MaaSは公共性、社会性の高い概念だと感じますね。 

モノから人中心の社会へ

 

別の側面、車の技術向上という側面からも見てみましょう。

車のEV化が進んで、自動運転のレベル5が完成したとしても、これは車という一工業品の進歩にしか過ぎません。

もちろん便利になることは容易に想像ができますが、あくまで「車」の進歩であって、イノベーションと呼べるものではありません。

ですが、マイカー、公共交通機関、タクシー、さらには自転車まで、あらゆる移動手段を包括的に統合されたなら、まだ自動運転がレベル3の段階だとしても、これはイノベーションと呼べるものでしょう。

イノベーションは日本では技術革新と誤訳されがちですが、本来は新結合、新機軸という意味です。
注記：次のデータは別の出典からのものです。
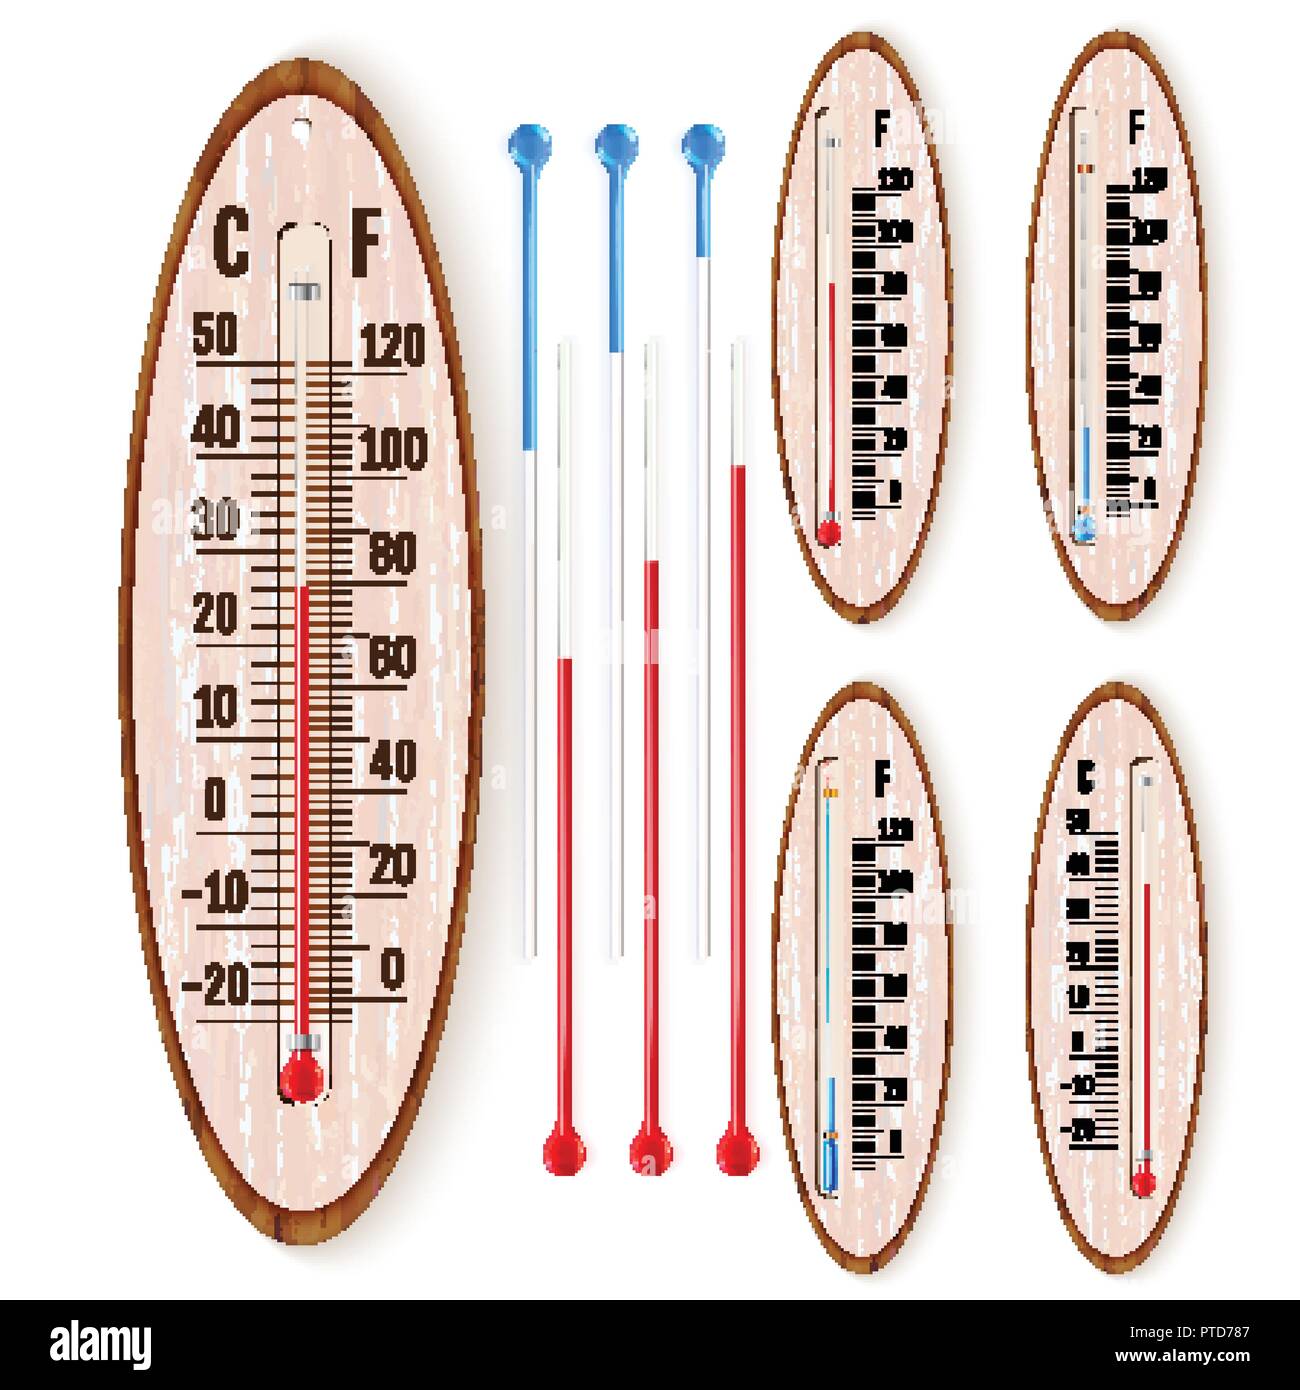 https://c8.alamy.com/comp/PTD787/vector-set-of-realistic-liquid-thermometers-with-celsius-and-fahrenheit-scales-red-and-blue-indicator-vector-illustration-PTD787.jpg

意外な組み合わせによる新たな機軸、MaaSはまさにイノベーションの塊です。

本来車というものは、多くの人には移動することが本質的な目的のはずです。

それが「運転する歓び、楽しみ」という売り文句をなんら疑わずに受け入れてきました。

それは車というモノを中心とした発想ではないでしょうか。

MaaSで実現されるのは、本質に立ち返って、「いつ、どこへ行きたいのか」という人のニーズを中心に据えた社会です。

移動という手段、目的までのプロセスの部分で悩まなくてもよくなる社会です。

まとめ的なもの

大好きなテクノロジー系の本なので、一気に読んでしまいました。

図や写真も多く、楽しんで読むことができました。また、MaaSカオスマップという、MaaS事業者を総覧できるものまでついていて、企業の勢力図としてもわかりやすいものになっています。

そして冒頭にも書いた通り、裏表紙には「Beyond MaaSーMaaSの、その先へー」と記されています。

現段階では、移動に関する企業と、ソフトバンクのような通信事業者がMaaSの中心です。

でも、MaaSにはその先があって、あらゆる業界がMaaSと接点を持ち、自らもMaaS事業者になるのだと言います。

カオスマップには、介護、観光、農業などが挙げられていますが、想像に難くありませんよね?

施設までの移動、観光地間の移動、収穫したモノの移動。

人がいれば移動が生じます。あらゆるものが、MaaSとは切っても切れない関係にあるのです。

これは、MaaSだけにまーすます楽しみな未来ですね。

冗談ばかりのエントリーですが、MaaSは冗談ではありません。

モビリティ革命の先にあるという全産業のゲームチェンジ、それに乗り遅れないよう、未来を見据えながら目の前の仕事に取り組みましょう。